BEGIN Data excerpt

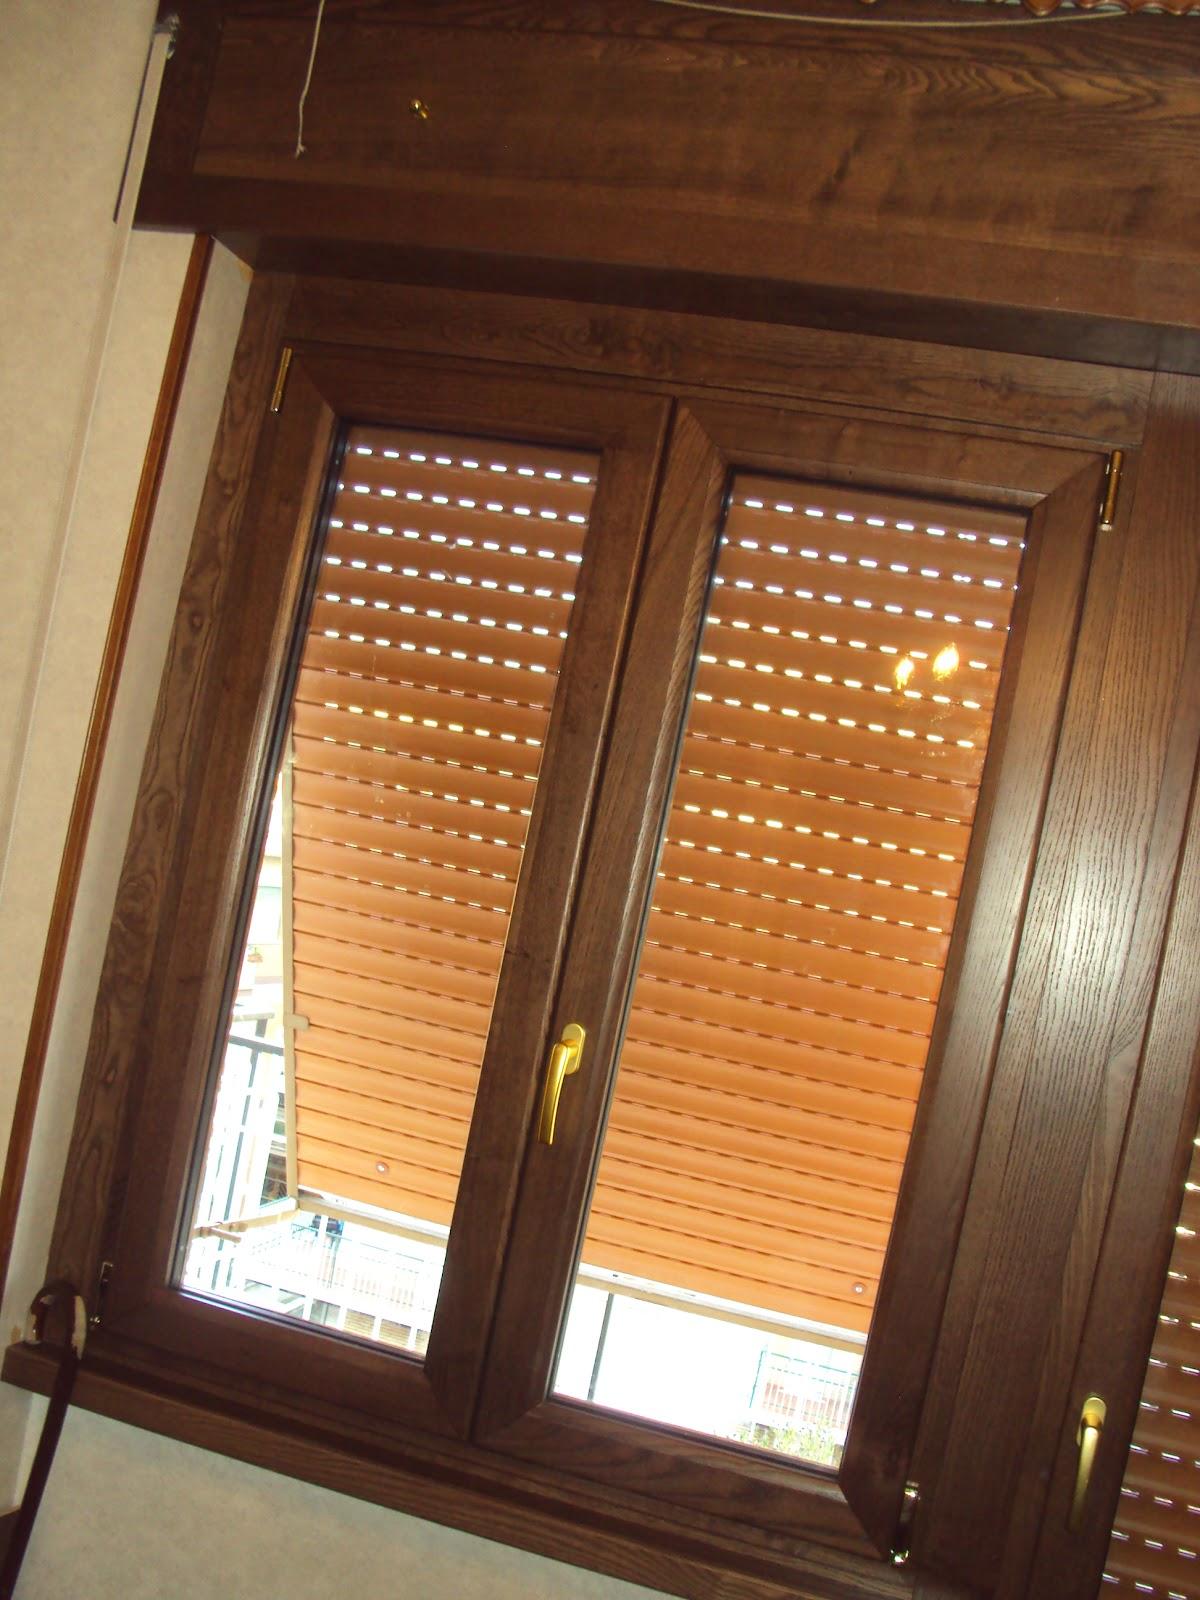 Mille porte e tende le nostre meravigliose finestre in legno alluminio della ts infissi - Finestre di legno ...
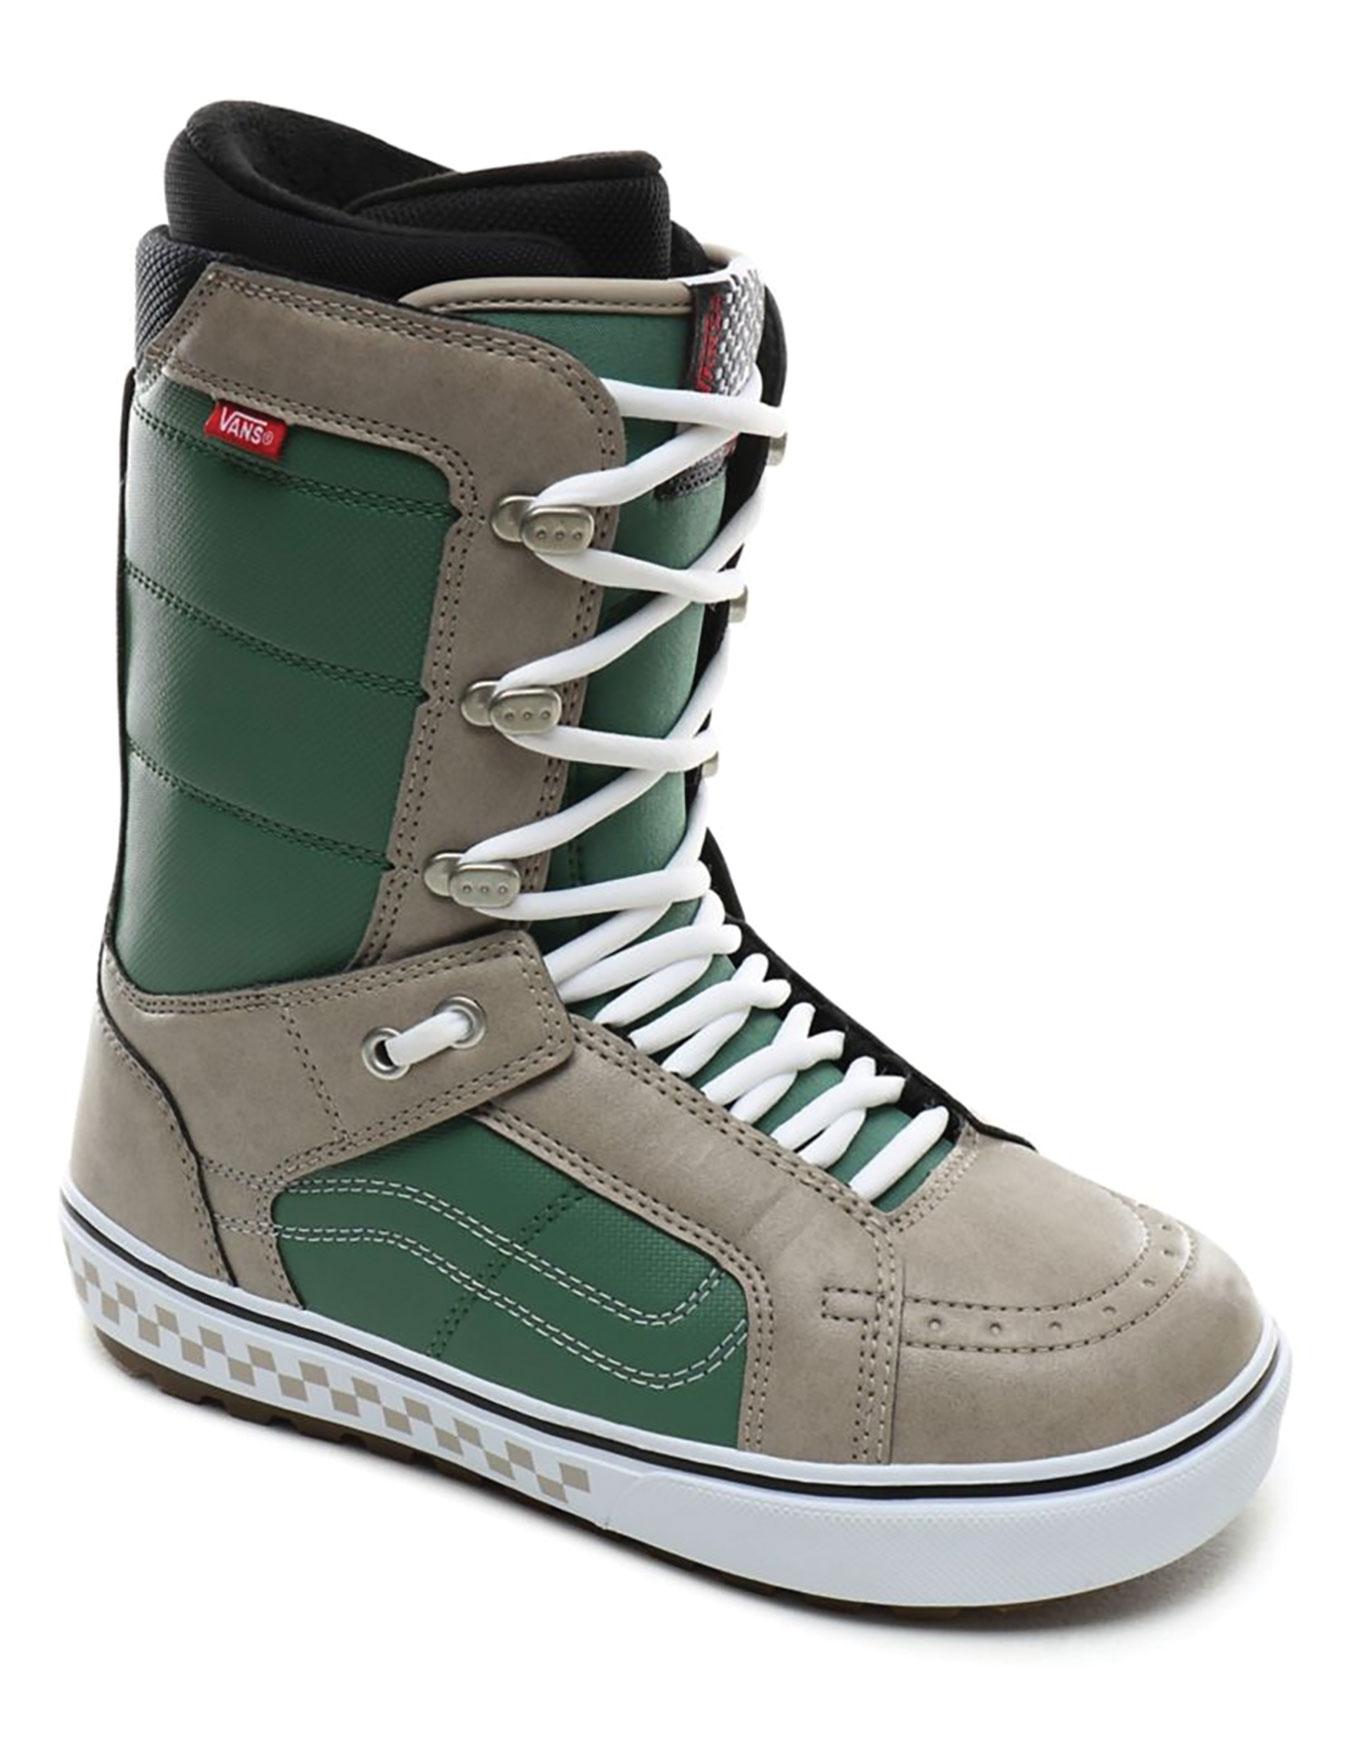 Achat Vans Hi Standard OG 2020 Boots de Snowboard en ligne
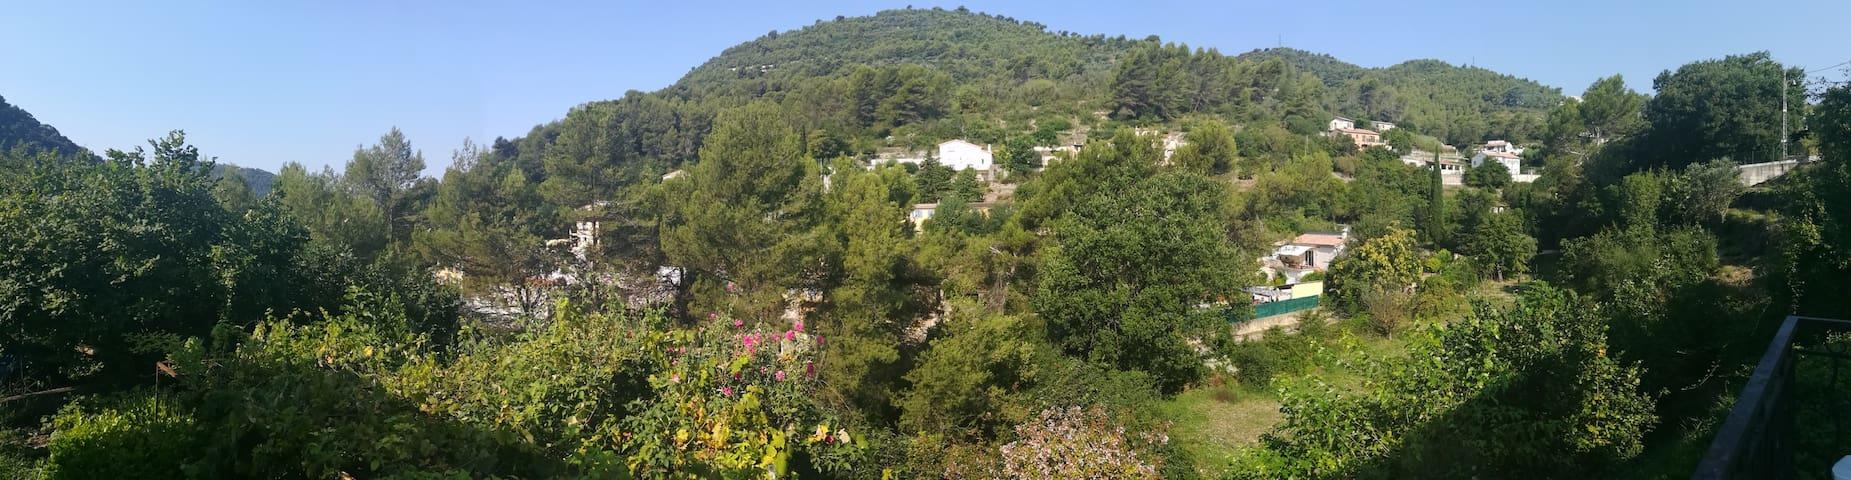 Maison Individuelle prés de Nice

END Data excerpt

Your objective:
Leave the pictures out and output all of the data verbatim.

Result of this task:
 Mille porte e tende le nostre meravigliose finestre in legno alluminio della ts infissi - Finestre di legno ...
 Achat Vans Hi Standard OG 2020 Boots de Snowboard en ligne
 Maison Individuelle prés de Nice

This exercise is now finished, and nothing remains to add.